Potassium and High Blood Pressure
What do high blood pressure and potassium have to do with each other? Research on high blood pressure has shown that potassium lowers blood pressure levels. Good sources include certain fruits, vegetables, milk, and fish. Most healthcare providers recommend a diet rich in this mineral to lower blood pressure or to prevent hypertension.
Blood pressure (also known as hypertension) can be unhealthy, even if it stays only slightly above the normal level of less than 120/80 mmHg. The higher that blood pressure rises above normal, the greater the health risk (see Effects of High Blood Pressure).
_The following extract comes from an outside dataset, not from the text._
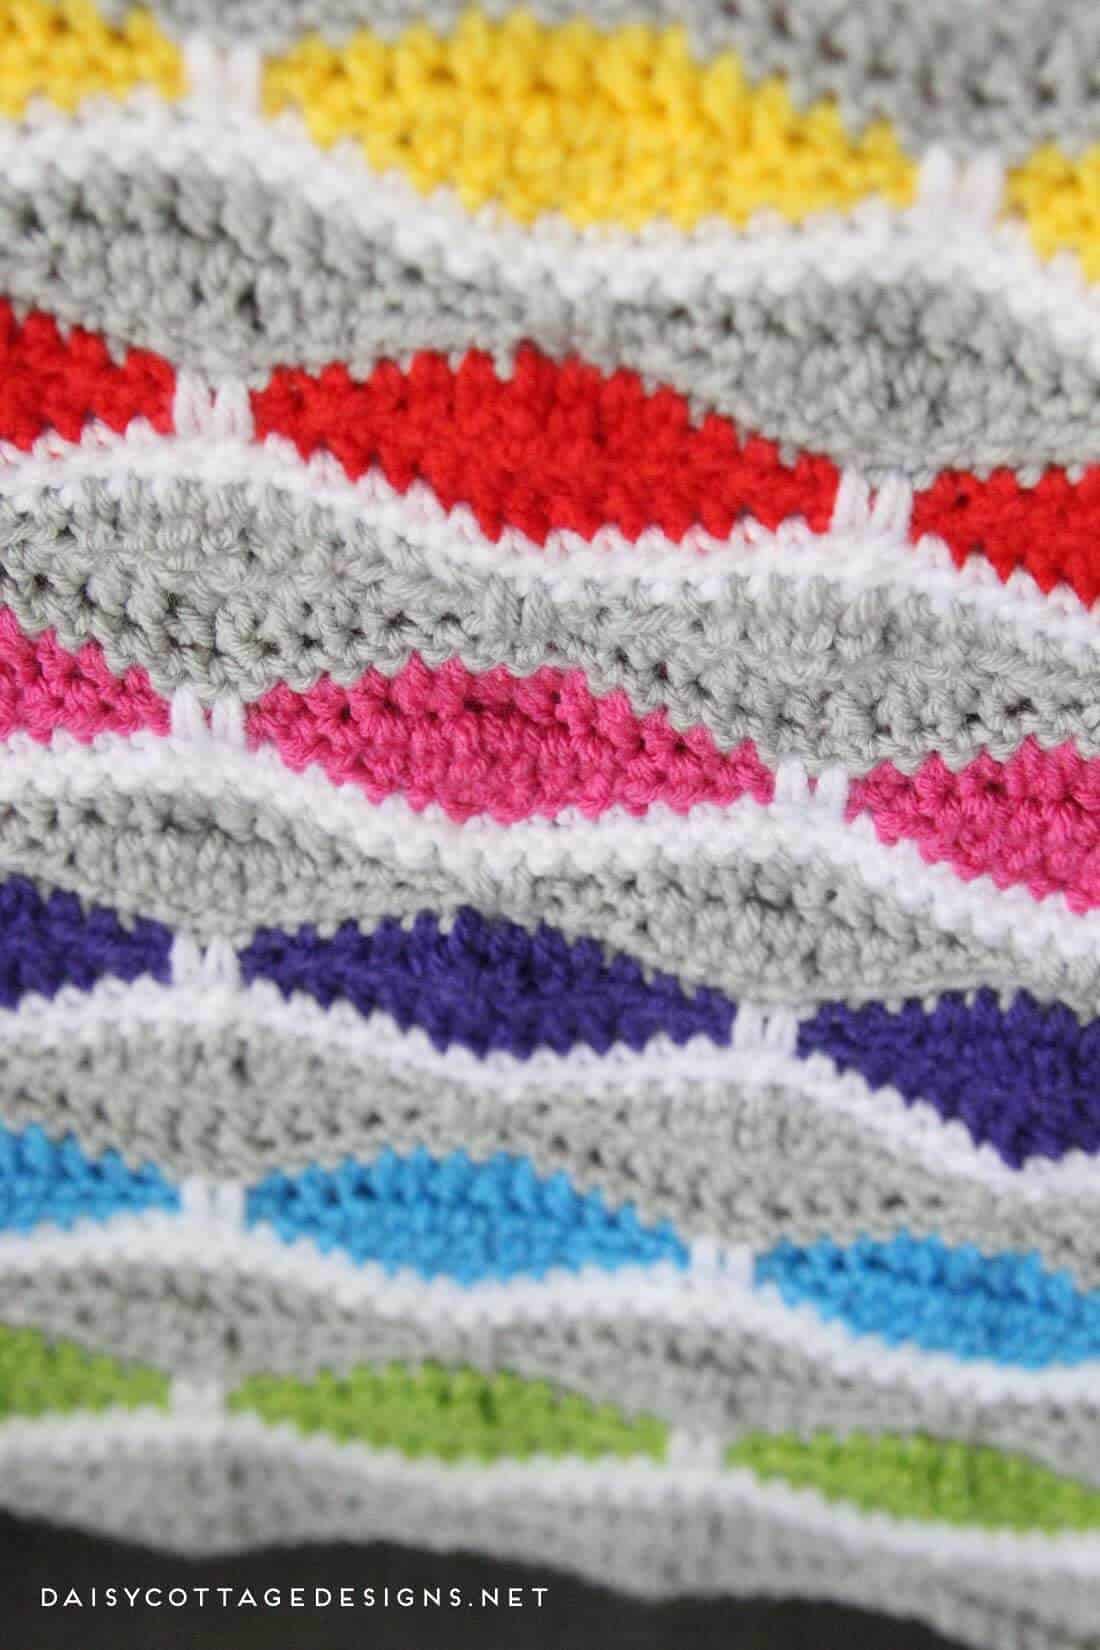 crochet blanket pattern | free crochet patterns | crochet afghan pattern | modern crochet pattern | Use this free crochet pattern from Daisy Cottage Designs to create this bright and fun afghan. Whether you're making a baby blanket for a friend or you just want a something to drape over your favorite chair, you'll love this crochet pattern. Instructions given to make this blanket in any size.

In the past, hypertension research scientists tried to find clues about what in the diet affects blood pressure by testing various possible supplements as treatments for high blood pressure, such as:
- Various herbs
- Other "natural" products.
So far, research has shown that potassium does lower blood pressure. Studies have not found that other supplements, however, do anything to lower blood pressure.
The recommended intake of potassium for adolescents and adults is 4700 mg/day. Recommended intakes for children include:
- 1 to 3 years of age -- 3000 mg/day
- 4 to 8 years of age -- 3800 mg/day
- 9 to 13 years of age -- 4500 mg/day.
Some individuals tend to be more salt-sensitive than others, including:
- People with hypertension
- African Americans
- Middle-aged and older adults.
Because African Americans commonly have a relatively low intake of potassium and a high occurrence of elevated blood pressure and salt sensitivity, this population subgroup may especially benefit from an increased dietary intake of potassium.